The ditch at the realignment

That change in the alignment of the course of the Wall (it has been on a slightly more northerly heading from the point where the Dere Street crosses it at the Portgate roundabout) sees it shift to almost due east to west until we reach Heavenfield. At this slight angle, the ditch ploughs through an outcrop (almost as if it had been deliberately aimed at it), exploiting a little trick used by the ditch-diggers with which we shall become familiar: it is dug into the foreslope. Doing this forced an enemy to run uphill to reach the obstacle (a task made more difficult by the upcast mound), whilst the use of the foreslope enhanced the south face of the ditch, which confronted an attacker trying to get across it.

the foreslope trick

the foreslope trick

Next to us, the ditch often shows signs of moisture, with damp-loving plant species like Juncus and even standing water within it in places. The land along here continues to slope gently from south to north, enhancing the effect of the ditch and counterscarp.

Milecastle 25 (Codlawhill) [HB 187; haiku]

Although it survives as an earthwork, there is nothing for us to see as it is on the far side of the Military Road and well out of our reach or sight.
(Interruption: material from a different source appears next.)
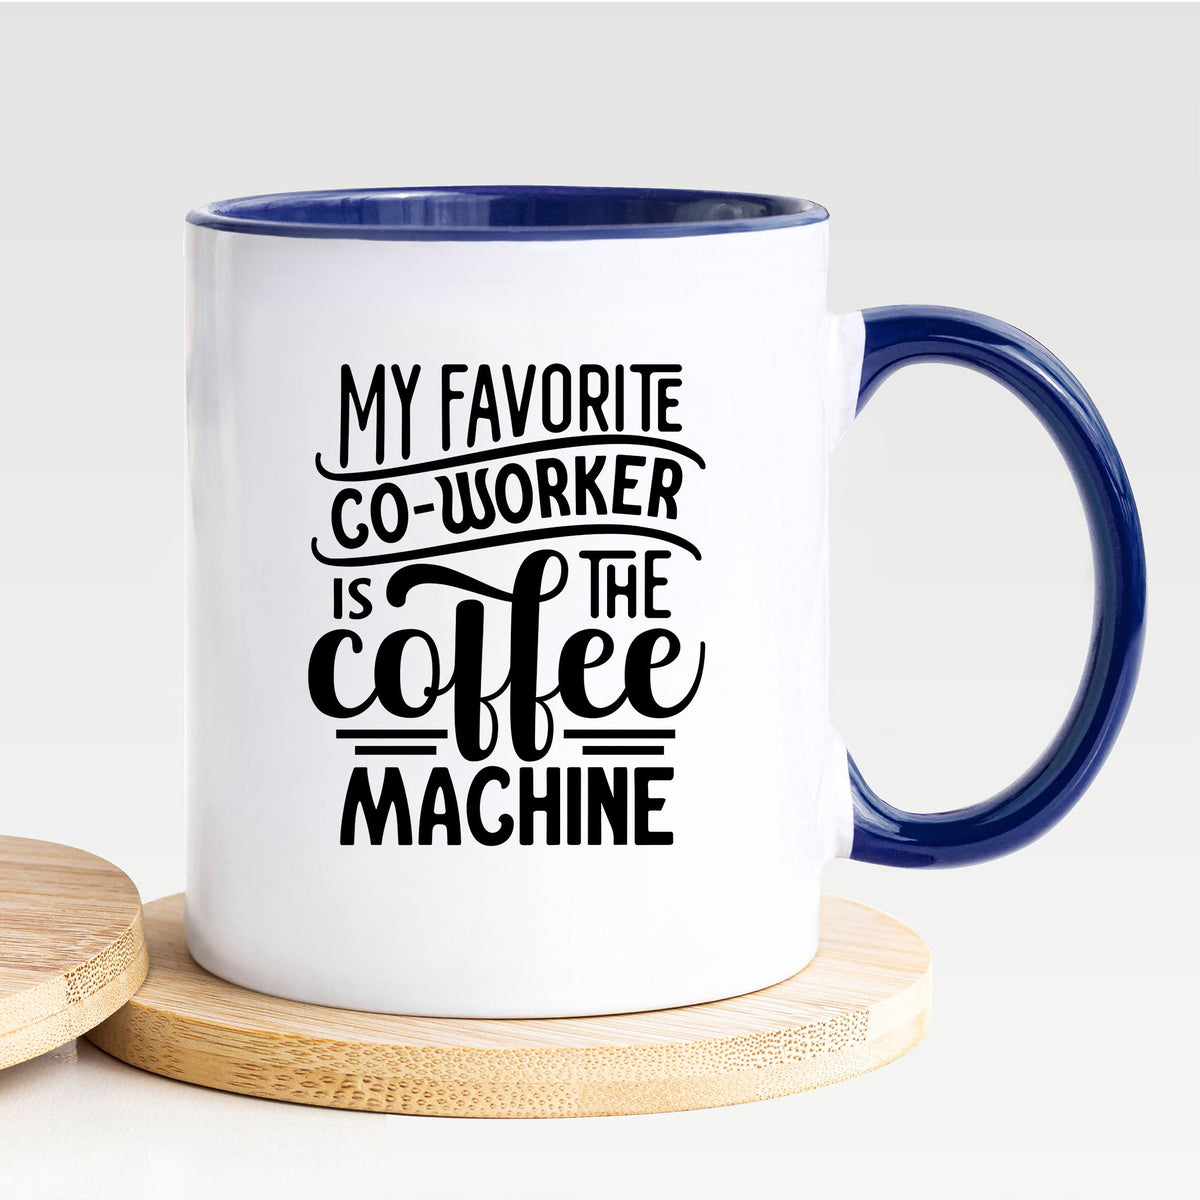 My Favorite Co-Worker Is The Coffee Machine - Mug

Like its neighbours on either side, it is a long-axis milecastle and was excavated in 1930.

Wall Mile 32

Wall Mile 32 [HB 224–5]

As we depart Milecastle 33, we are still on the approximate line of the curtain wall, but shortly we cross over the ditch and find ourselves firmly in Barbaricum for a while. This occurs at the point where the Military Road shuffles in and adopts a position on top of the curtain wall which it will retain, for the most part, until we reach the outskirts of Newcastle. Now we are walking along the line of the upcast mound and there is a little to see, beyond the ditch, hard up against the north wall of the Military Road.

The Trail crosses the ditch

The Trail crosses the ditch

These walls are interesting (as indeed is the Military Road, about which we shall say more in due course). Before the road was built, Hadrian’s Wall itself was the major land division, so destroying it and laying a road required that walls be built on either side of it, to placate the landowners. Therefore, the road-laying gangs also had to undertake wall construction, and there are still some fine examples of the drystone-wallers’ art to be seen as we progress towards our destination.

Looking towards Carraw Farm

Looking towards Carraw Farm

Milecastle 32 (Carraw) [HB 224; haiku]

After an interminable distance (or so it seems) we cross a drystone wall by means of a ladder stile and then it is only some 220m to the location of Milecastle 32 (Carraw). Don’t bother looking for it, as it is on the other side of the road (remember: the Military Road sits on top of the curtain wall, now, so the milecastle is south of that), but it survives as a low earthwork, was of the long-axis type, and was excavated in 1971.